Studies in cell lines have suggested that CD97 signaling can be more complex than selective coupling to Gα13 with evidence that the receptor may in some cases heterodimerize with lysophosphatidic acid (LPA) receptors, although signaling continued to involve Rho activation (86, 123). In one case, LPA from platelets was suggested to induce tumor cell invasiveness via CD97-LPAR signaling (124). CD97 in a colorectal cell line associated via a C-terminal PDZ motif with the cytoskeletal protein DLG1. Mechanical stress or fluid shear stress led to CD97 serine phosphorylation within the PDZ motif, and this prevented DLG1 association. The CD97 ligand requirement for these effects was not determined. Uncoupling of DLG1 from CD97 was suggested to contribute to cell dissociation from other cells and to tumor cell invasion (87). In HT1080 fibrosarcoma cells CD97 expression augmented survival in serum starvation conditions (125) and upregulated N-cadherin causing cell-cell aggregation (126). In these cells, CD97 inhibited cell migration by suppressing membrane metalloprotease activity (93). The ligand requirement for these effects was again unclear. Taken together, these studies suggest that the signaling outputs of CD97 may be context and cell type dependent.
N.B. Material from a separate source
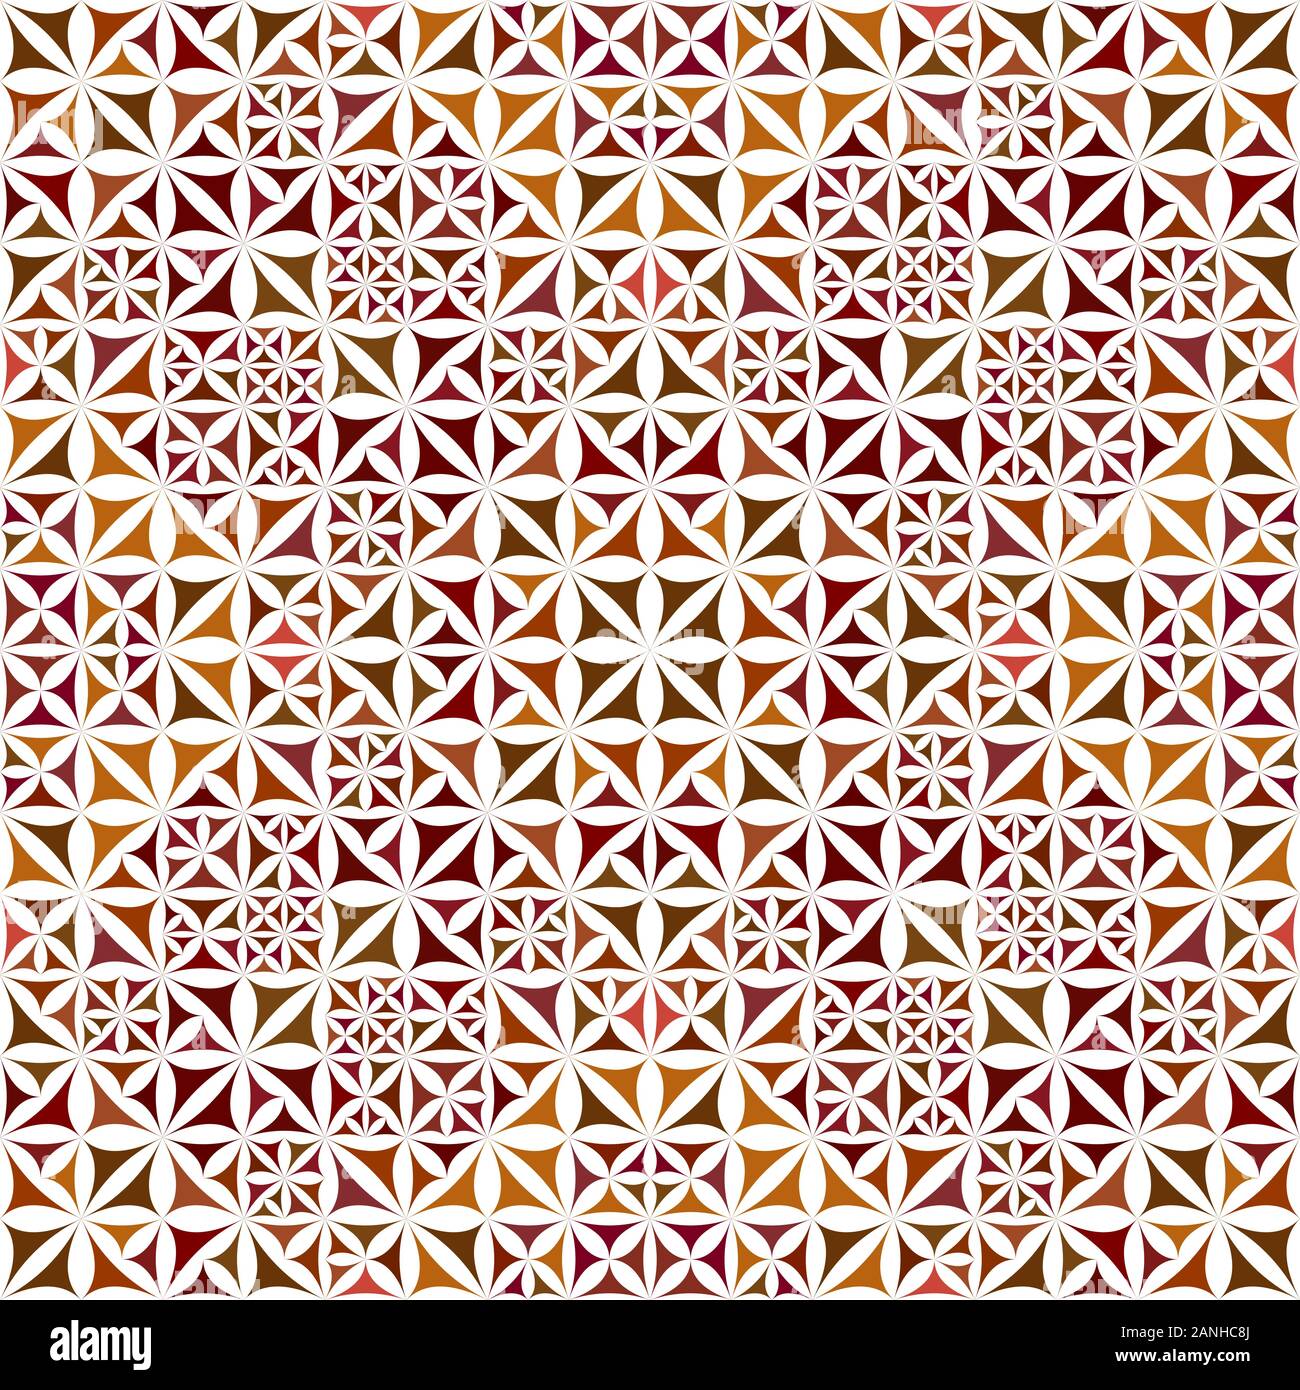 Featured image of post Wallpaper Triangulos Coloridos Art de triangle juegos de formas carteras y bolsos pinturas bordado colores disenos de unas impresiones de lona

Antigen sensing and DC activation

Spleen cDC are highly responsive to a range of pathogen associated molecular patterns (PAMPs) such as LPS and nucleic acids and to inflammatory cytokines. These stimuli cause potent activation of cDC2 and cDC1 and they have been well discussed in other reviews (9, 20). Here we focus on one pathway of antigen-sensing used uniquely by SIRPα⁺ cDC2.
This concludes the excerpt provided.